Para la Cámara, los dichos de la chica eran válidos ya que no se comprobó que existiese una relación de concubinato con Alvarez que le impidiese legalmente que ella declarase en contra de él, tal como planteó la defensa.

Es que la declaración de esta chica fue «vital» para la Justicia ya que declaró que Alvarez salía a «delinquir armado» y que la llamó por teléfono y le dijo «que habían tenido que chupar a uno, que tenían un chancho, que tenía 16 años», y que la noche siguiente su pareja le comentó que habían tenido «problemas» porque «se le escapó el guacho» y que «lo había visto todo el barrio».

Mientras que el testigo López declaró que era «amigo» de Alvarez y Figueroa y que éstos le contaron que habían secuestrado a un chico junto a Néstor Maidana y Sack y que lo tuvieron cautivo en un galpón de Benavídez de donde el chico se escapó pero que lo volvieron a capturar y se lo llevaron en un auto.

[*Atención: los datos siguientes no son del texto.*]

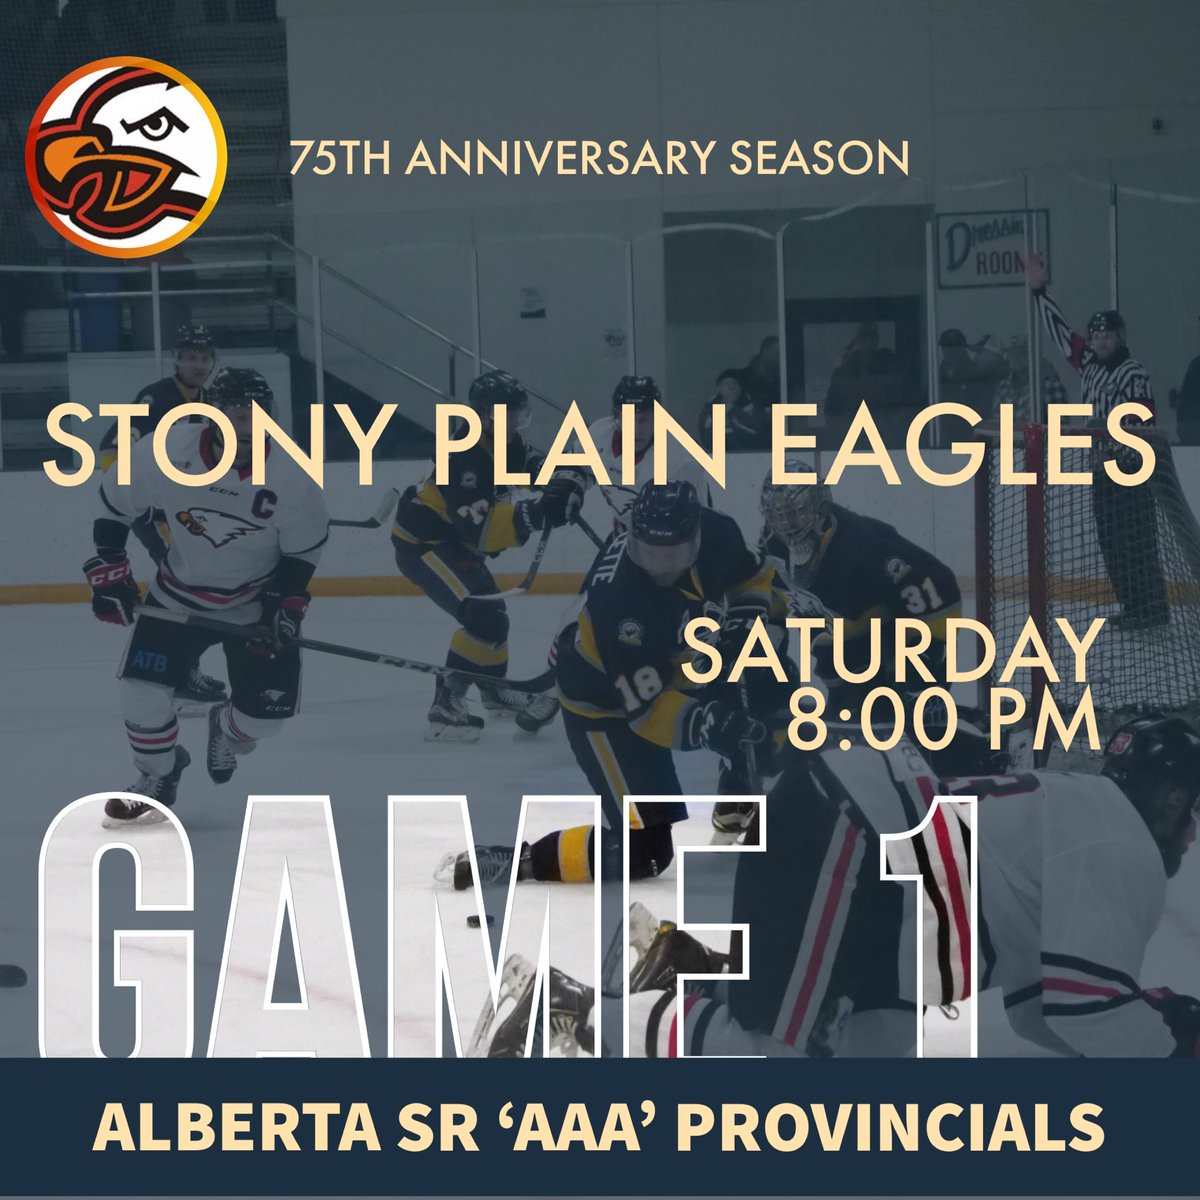 Saturday - GAME 1
You get Eagles, more Eagles, beer gardens, concession, 50/50, silent auction, and the best AAA players for one low price!!

Can’t wait to see you again Saturday!!

#allancup #aaa #hockey #Alberta #Canada

Y la Cámara destacó que el testigo afirmó, a pesar de estar amenazado por familiares de los acusados, que una vez que la víctima fue recapturada y vuelta al lugar de encierro, «parte de sus captores decidieron poner fin a la vida del mismo, evitando de tal modo ser identificados por el joven de recuperar su libertad».

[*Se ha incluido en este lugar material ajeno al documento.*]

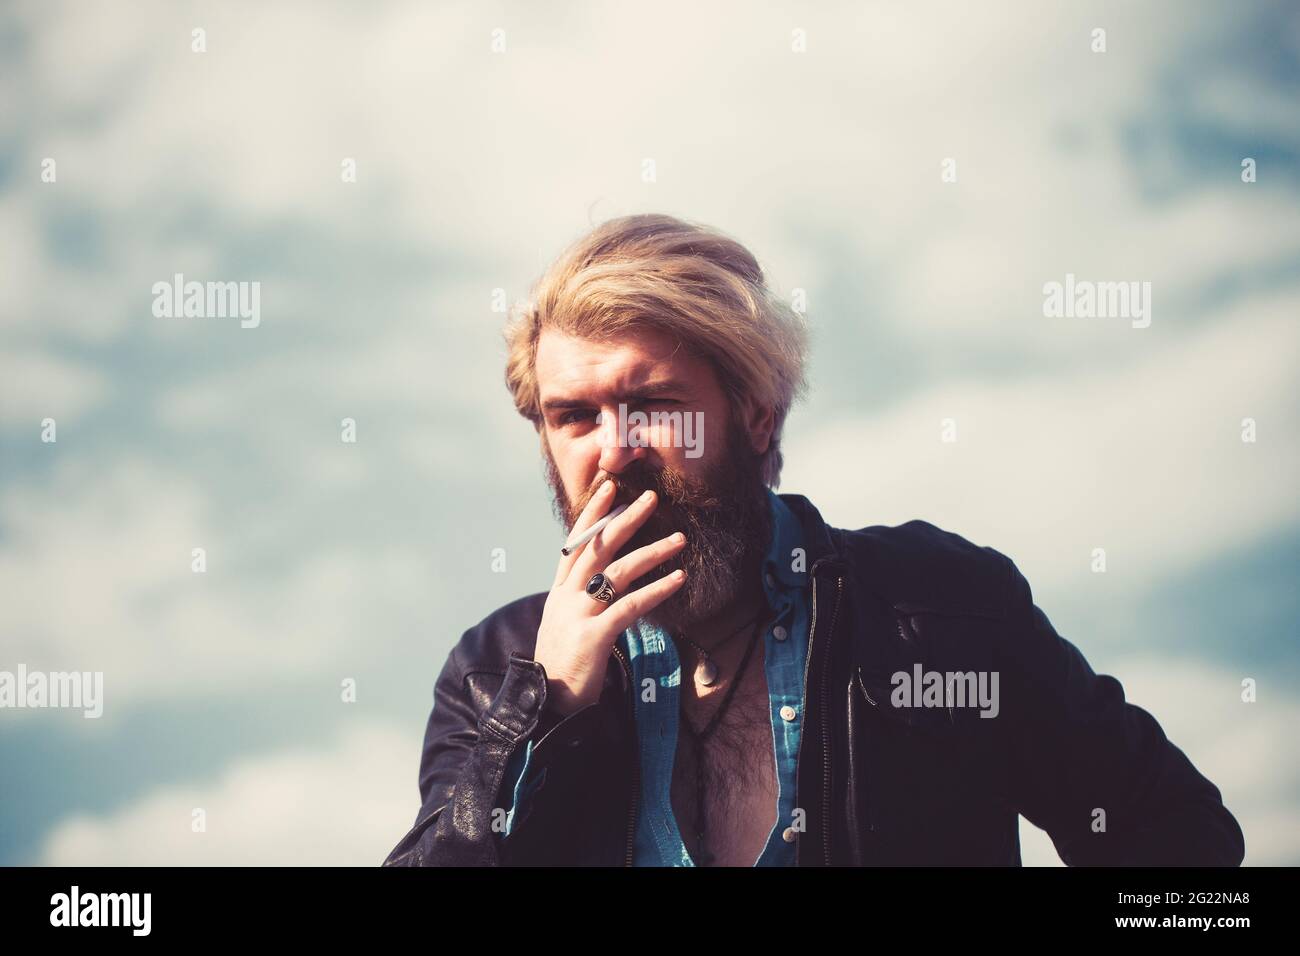 Trendy cool young man standing outside smoking cigarette. Against blue sky. Stock Photo

Los camaristas coincidieron con el TOF en que las pruebas testimoniales y científicas acreditaron que Néstor Maidana realizó los llamados extorsivos a la familia Berardi y que hubo «un plan delictivo común» y una «división de roles» entre todos los imputados.

«Además, el estudio de dermotest positivo para residuos de deflagración de pólvora, obtenido en ambas manos de Richard Souto, indica que el nombrado al menos en una oportunidad disparó el arma homicida», agregó Catucci.

Matías Berardi (16) fue secuestrado el 28 de septiembre de 2010 cuando volvía de un baile de estudiantes en la Capital Federal a su casa en Ingeniero Maschwitz y fue secuestrado al bajar de una combi en una estación de servicio de las rutas 26 y Panamericana.

Si bien los captores llegaron a pedir un rescate de 30.000 pesos, no hubo ningún pago porque al día siguiente, la víctima fue asesinado de un balazo y arrojado en su descampado de Campana.